Без тех, кто обитал по ту сторону крепостной стены, жизнь наша не имела бы смысла, как месяц май без традиционно предшествующего ему апреля. Во всем Корпусе я был тем, кто более всего походил на меня. И этим все сказано.
Еще до постройки крепостной стены я был избран главврачом Корпуса Неизлечимых единогласно, без единого воздержавшегося – случай исключительный и бесповоротный в профессии, подобной нашей и склонной к танго. Мои методы поражали своей современностью и лоском. С больными, к вящему негодованию моих коллег, я обращался как с людьми, даже на смертном одре. Помню, как одному милейшему неизлечимому я сказал непринужденнее, чем верблюд в игольном ушке: «Дражайший и чистейший друг мой Полиомиелит, или у меня стетоскоп барахлит, или вы уже труп». Он ответил мне в сердцах и не страдая избытком такта: «Я запрещаю вам называть меня Полиомиелитом в присутствии моих друзей». Он был прав, и я должен признать это без страховочного пояса, ибо звали его Панкрацием, однако он был первостепенно обидчив; для пущего смеха и карантина он умер не от обиды, а от тифа, в чем нет моей вины, как о том свидетельствует его кусок одеяла.
До назначения в Корпус мне довелось побывать на том ставшем притчей во языцех банкете, где я столь блестяще изложил свою смелую и вожделенную теорию медицины. Я так воодушевился, что, пытаясь почистить свои ботинки яйцом всмятку, обнаружил, что мажу их густым майонезом. Эта небольшая промашка, столь же безобидная, сколь и кулинарная, произвела скверное впечатление.
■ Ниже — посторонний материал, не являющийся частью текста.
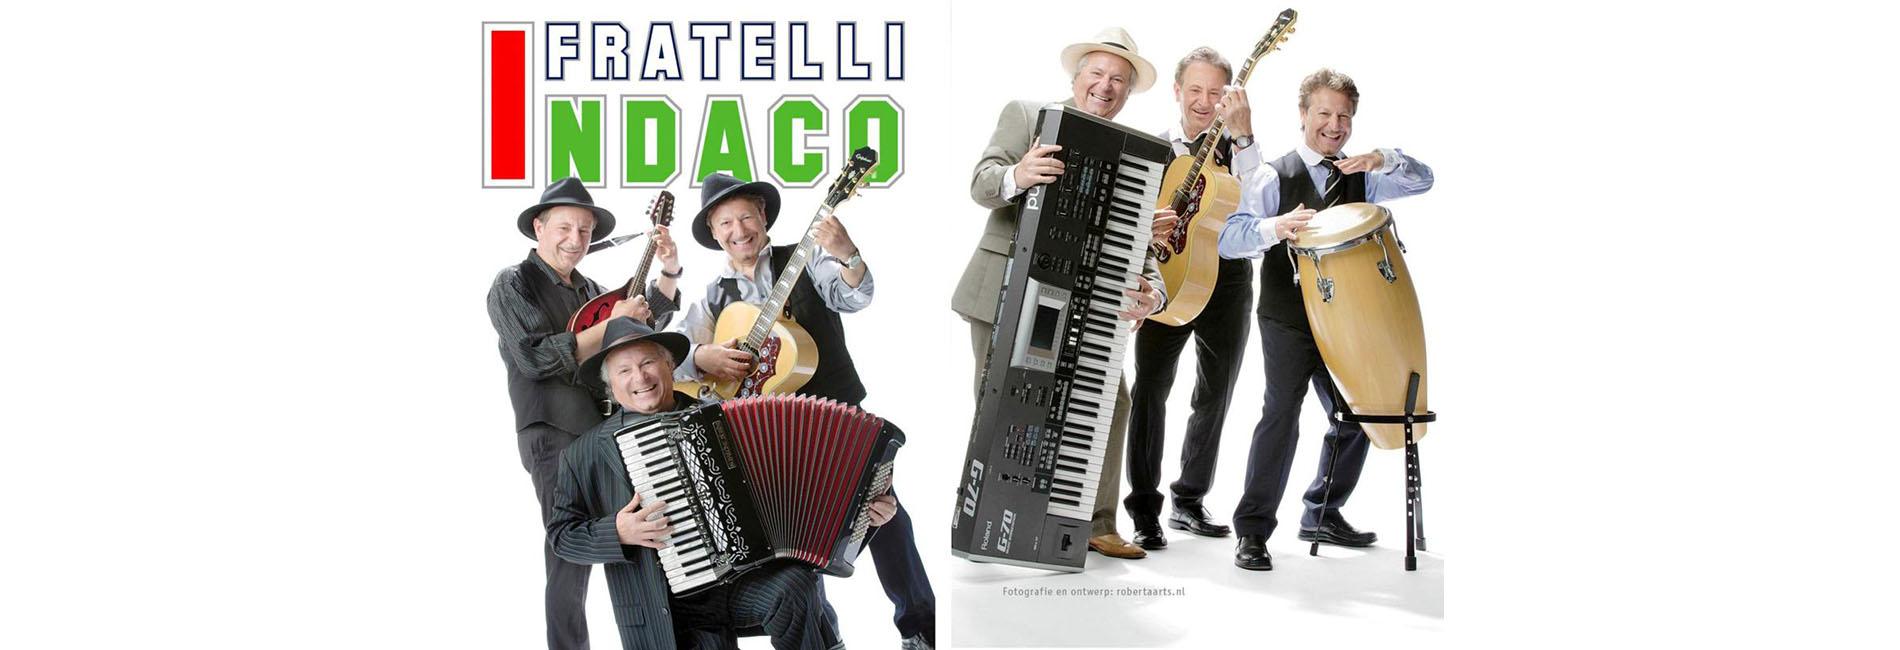 Italiaanse band I Fratelli Indaco HEADER 1

Генеральный директор министерства здравоохранения предупредил меня, что в следующий раз, когда я буду приглашен нему на обед, он не станет препятствовать моему содержанию под замком в больнице.
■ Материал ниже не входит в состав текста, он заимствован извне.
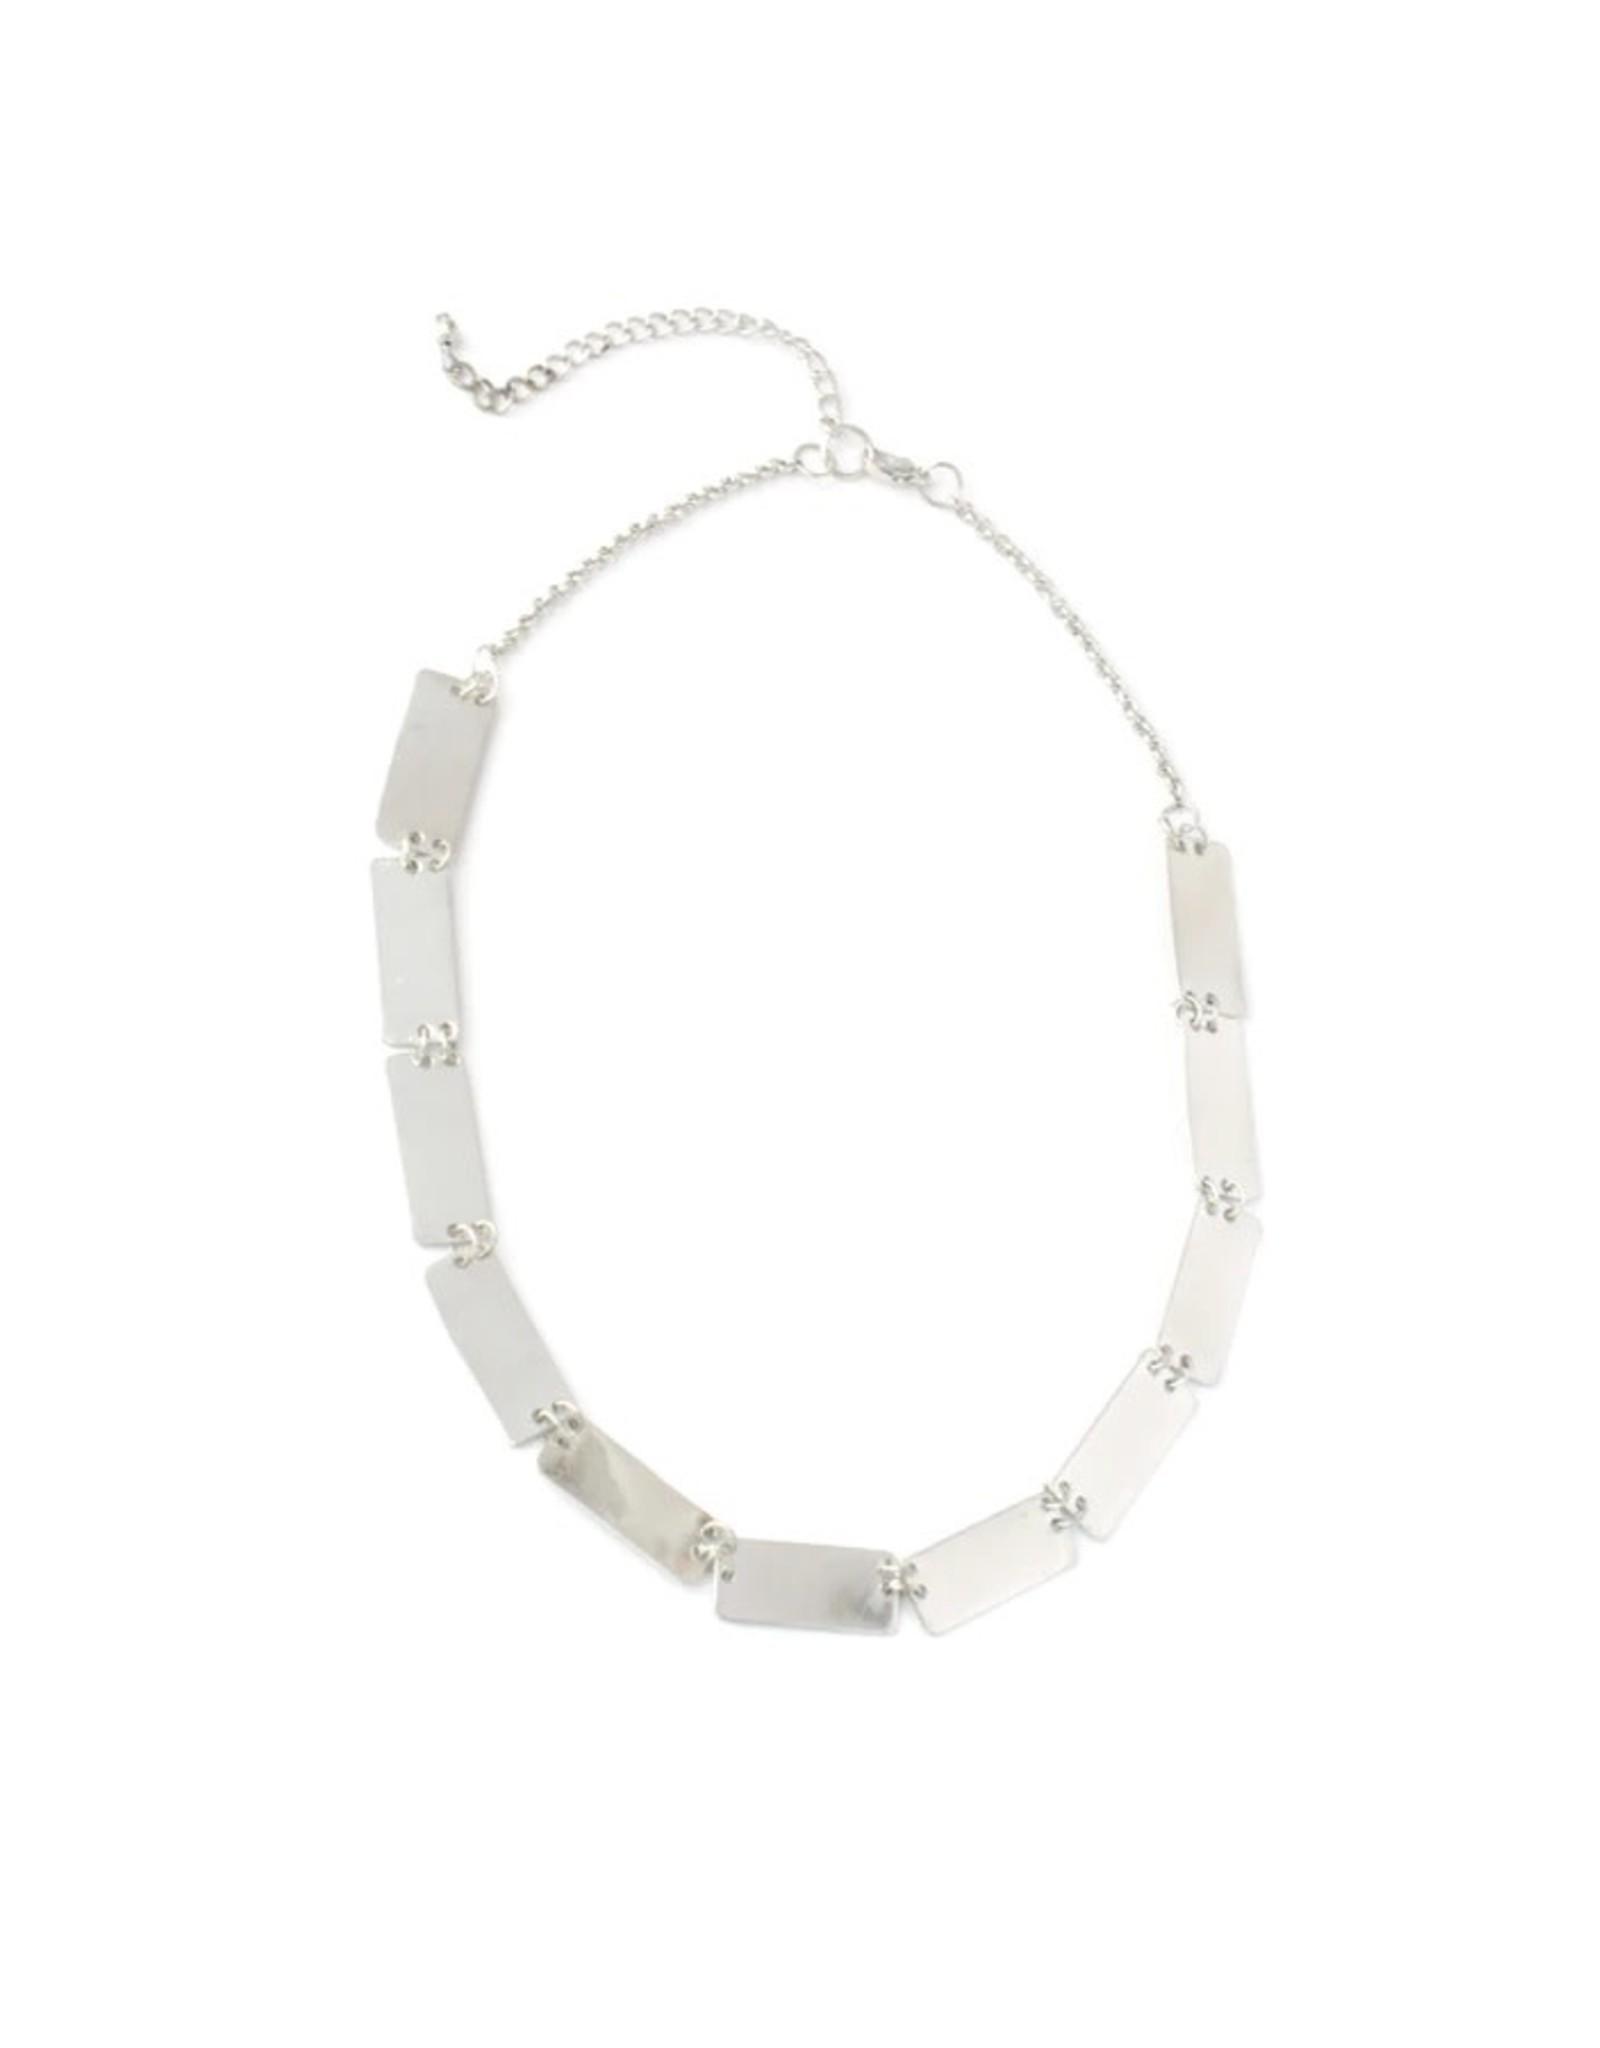 Fair Anita Pretty Pathways Necklace, Silver

Мои коллеги распустили лживый слух, что я-де презираю медицину и их Гильдию, на том лишь основании, что я шельмовал их как мундир и сутану. Я железобетонно доказал, что единственными болезнями, которые они будто бы излечивали, были уже исчезнувшие... причем без вмешательства медицины! Один миколог развопился так, будто накрыл подпольную сеть торговли гвоздикой: «А туберкулез? Мы искоренили туберкулез!» Я захохотал, как если бы сам себе рассказывал висевший на волоске анекдот, и послал их к странице «Истории болезней», с которой они были незнакомы, ибо non licet omnibus adire Corinthum:{6} «От туберкулеза в 1812-м умирали семьсот человек из ста тысяч; в 1882-м (год, когда Кох открыл палочку) только триста пятьдесят; к 1904-му, когда был создан первый туберкулезный санаторий, смертность уже снизилась до ста восьмидесяти; а в 1946-м, когда биолог по фамилии Флемминг (а не врач, уточнил я, блеснув шпилькой) открыл антибиотики, умирали всего сорок восемь больных в год. Туберкулез исчез всякого врачебного вмешательства, как чума и брюки с клапаном, и точно так же он теперь возрождается». Я выпалил все это единым духом, так как слова давно вертелись у меня на языке. Коллеги освистали меня до зубов, хоть я и заткнул уши как пень.
Я вышел из банкетного зала так же, как и вошел, правда, в перепачканных майонезом ботинках. С попутным ветром подался я в инакомыслие.
Не будь упразднена гильотина, Тео казнили бы электрическом стуле, а потом для надежности еще и повесили бы с пулей в затылке. Злы на него были чрезвычайно. Поговаривали, будто преступления его столь извращенны и чудовищны, что, рассматриваемые с птичьего полета, они выглядели не то апокрифическими, не то апокалиптическими. Когда в тюрьме обнаружили, что он болен, его отправили в Корпус Неизлечимых и с облегчением опустили руки, подобно встающим дыбом волосам. Живчик-директор исправительного учреждения – упокой, Господи, его душу – сообщил мне в письменной форме, как пальнул из пушки по воробьям, что некоторые черты роднят Тео с самыми кровожадными преступниками, тогда как другие – с тиранозаврами юрского периода.